## Data:
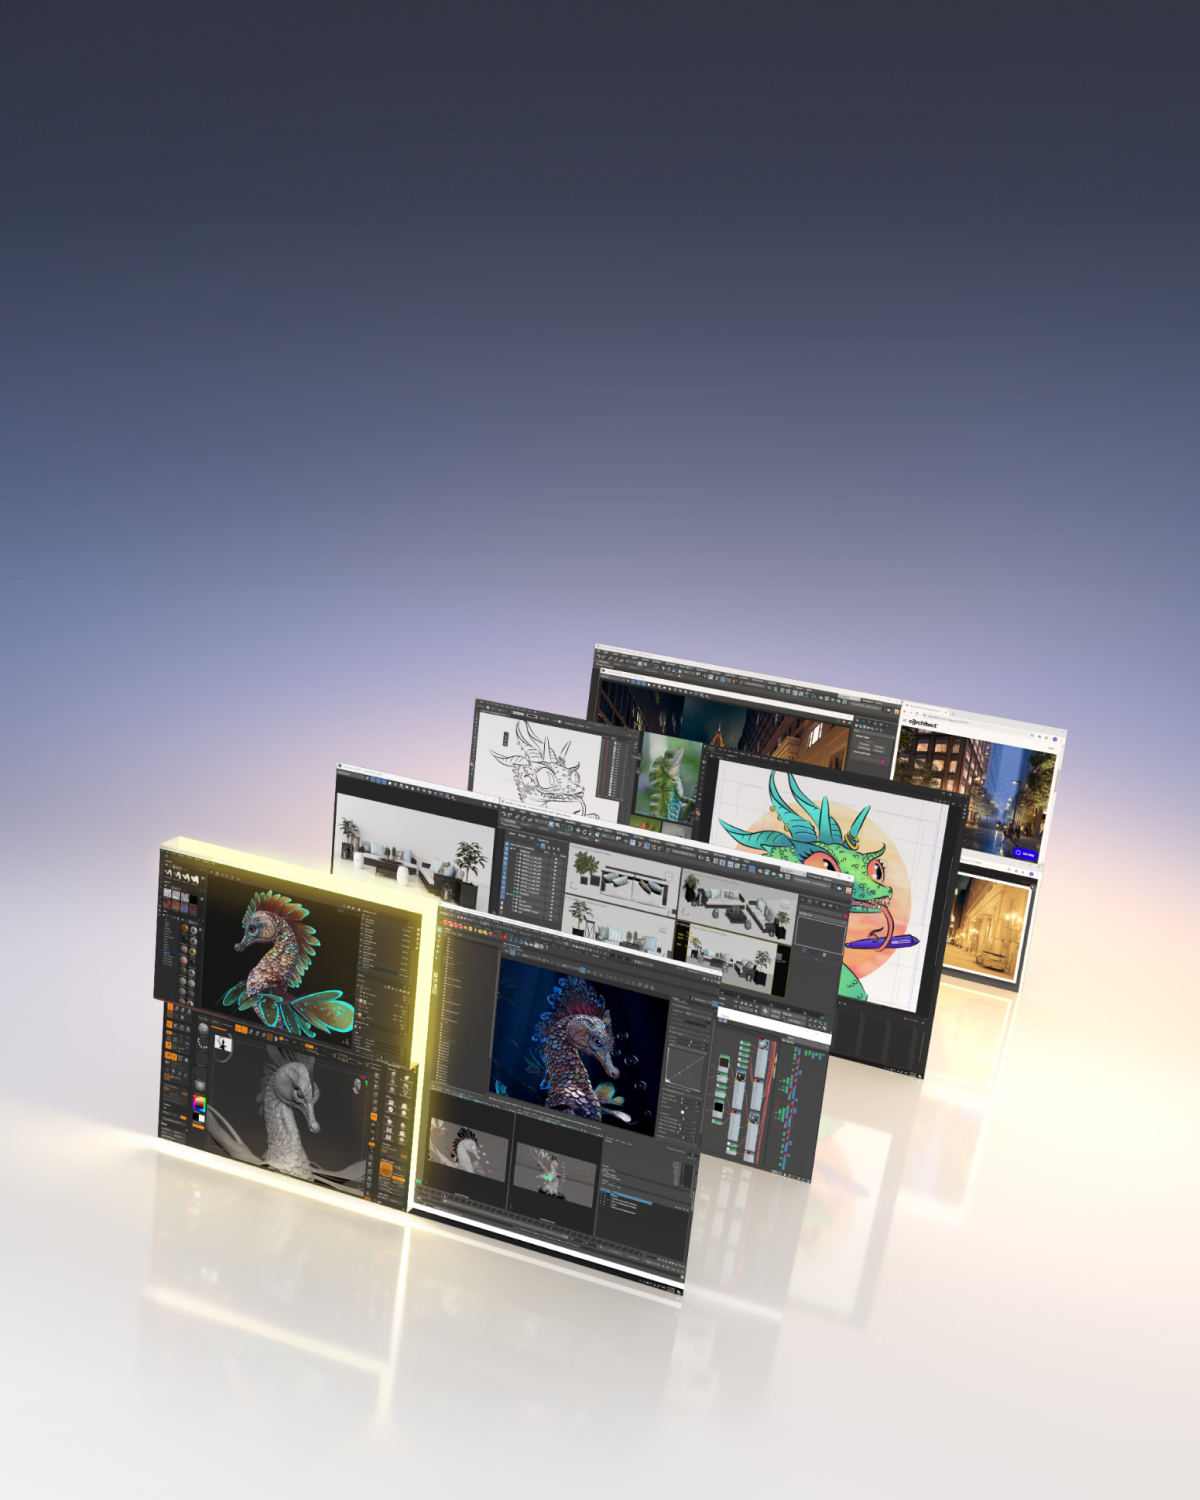 计算机屏幕显示多张图像，展示 RTX 2000 的强大功能
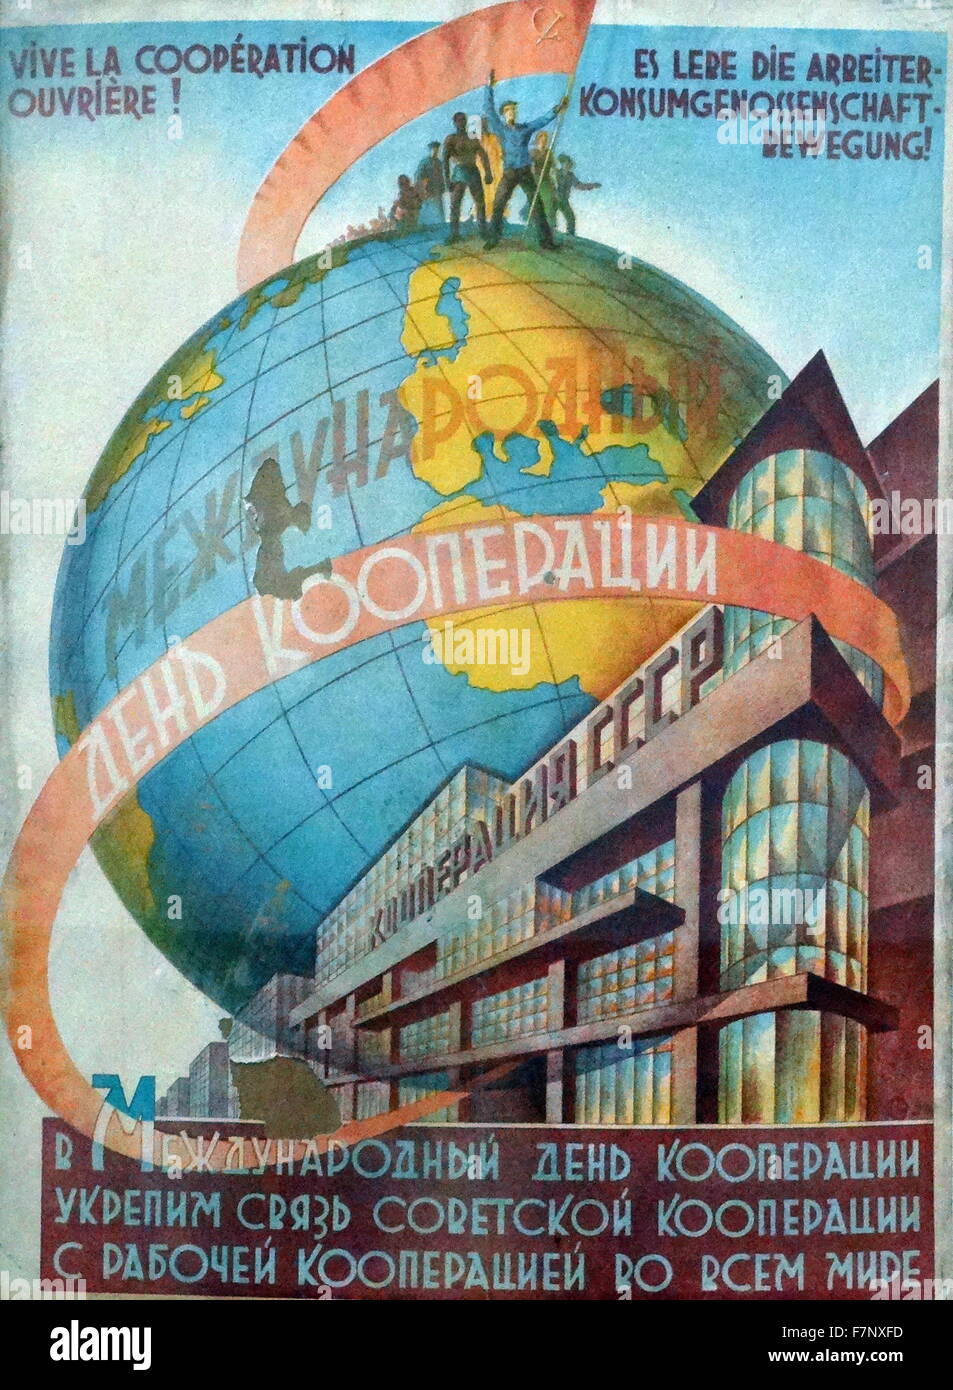 Russo, sovietici, la propaganda comunista poster, Evviva i lavoratori! Rafforzare la cooperazione comunista con le Repubbliche di cooperative; in tutto il mondo Foto Stock
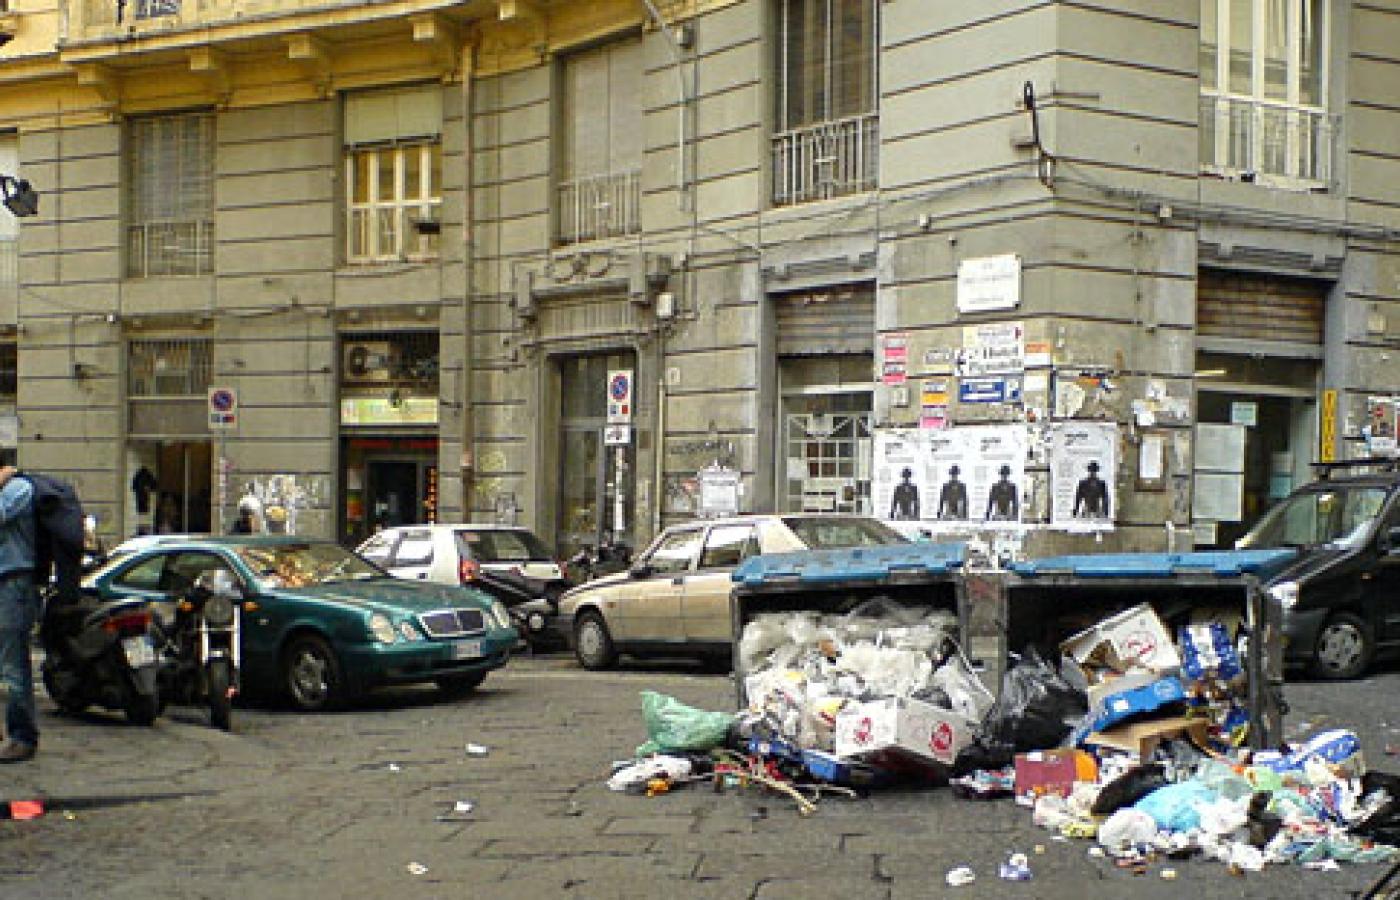 Neapol - to miasto już tak nie wygląda. Fot. Sal, Flickr, CC by SA

## The problem:
Only the text of the listing above is copied, exactly as written; its pictures are dropped.

## Your solution:
 计算机屏幕显示多张图像，展示 RTX 2000 的强大功能
 Russo, sovietici, la propaganda comunista poster, Evviva i lavoratori! Rafforzare la cooperazione comunista con le Repubbliche di cooperative; in tutto il mondo Foto Stock
 Neapol - to miasto już tak nie wygląda. Fot. Sal, Flickr, CC by SA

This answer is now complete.